Where F₁ is the force of repulsions between charges q₁ and q₃ (as both are +ve charges) and F₂ is the force of attractions between charges q₂ and q₃ (as q₂ is -ve and q₃ is +ve charge)
F₁ cos 60° and F₂cos 60° are the horizontal X-components of the force F₁ and F₂ respectively. Similarly F₁ sin 60° and F₂ sin 60° are the vertical y-component of the force F₁ and F₂ respectively
Here we will first calculate F₁, the force of repulsion between charges q₁ and q₃ So using coulomb's Law formula
F₁ = `\frac {1}{4ㄫε_0}``\frac {q₁q₃}{r^2}`
by putting values
F₁= 9 x 10⁹ Nm²C⁻² x `\frac {2 x 10⁻⁶ C x 4 x 10⁻⁶ C }{(0.1 m)^2}`
F₁= 9 x 10⁹ Nm²C⁻² x `\frac {8 x 10⁻¹² C}{0.01 m^2}`
F₁ = `\frac {72 x 10⁹⁻¹² Nm²}{0.01 m^2}`
F₁ = `\frac {72 x 10⁻³ Nm²}{0.01 m^2}`
F₁ = 7200 x 10⁻³ N
F₁ = 7.2 N ---------------(1).
and
F₂, the force of attraction between charges q₂ and q₃ So using coulomb's Law formula again
F₂ = `\frac {1}{4ㄫε_0}``\frac {q₂q₃}{r^2}`
by putting values
F₂ = 9 x 10⁹ Nm²C⁻² x `\frac {-3 x 10⁻⁶ C x 4 x 10⁻⁶ C }{(0.1 m)^2}`
F₂ = 9 x 10⁹ Nm²C⁻² x `\frac {-12 x 10⁻¹² C}{0.01 m^2}`
F₂ = - `\frac {108 x 10⁹⁻¹² Nm²}{0.01 m^2}`
F₂ = -`\frac {108 x 10⁻³ Nm²}{0.01 m^2}`
F₂ = -10800 x 10⁻³ N
F₂ = -10.80 N ---------------(2).
The -ve sign just shows that it is an attraction force.

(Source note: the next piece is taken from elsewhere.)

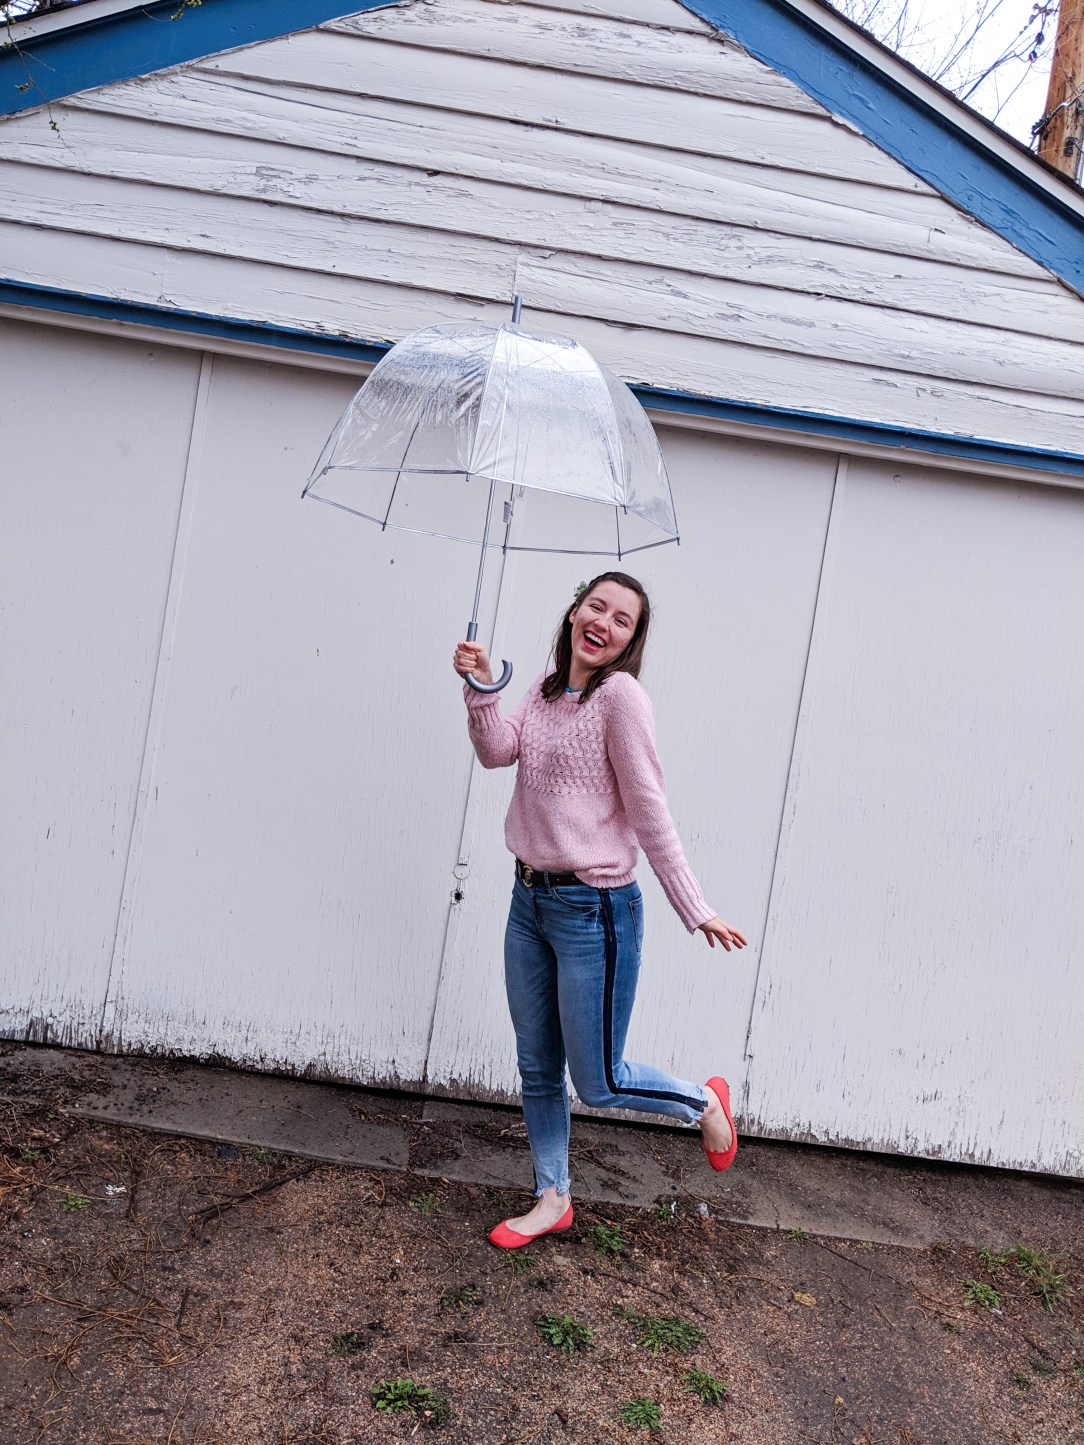 dancing in the rain, cute umbrella, orange shoes, pink sweater

The resultant force F can be found by the formula
F = `\sqrt {Fx^2 + Fy^2 }` ------------(3)
where Fx = F₁x + F₂x and Fy = F₁y + F₂y
where Fx = F₁x + F₂x and Fy = F₁y + F₂y
Fx = F₁ cos 60° + F₂ cos 60°
Fx = 7.2 N x 0.5 + (-10.80 N ) x 0.5
Fx = 3.6 N + (-5.4 N )
Fx = -1.8 N ------------------(4)
and
Fy = F₁ sin 60° - F₂ sin 60° (opposite in direction)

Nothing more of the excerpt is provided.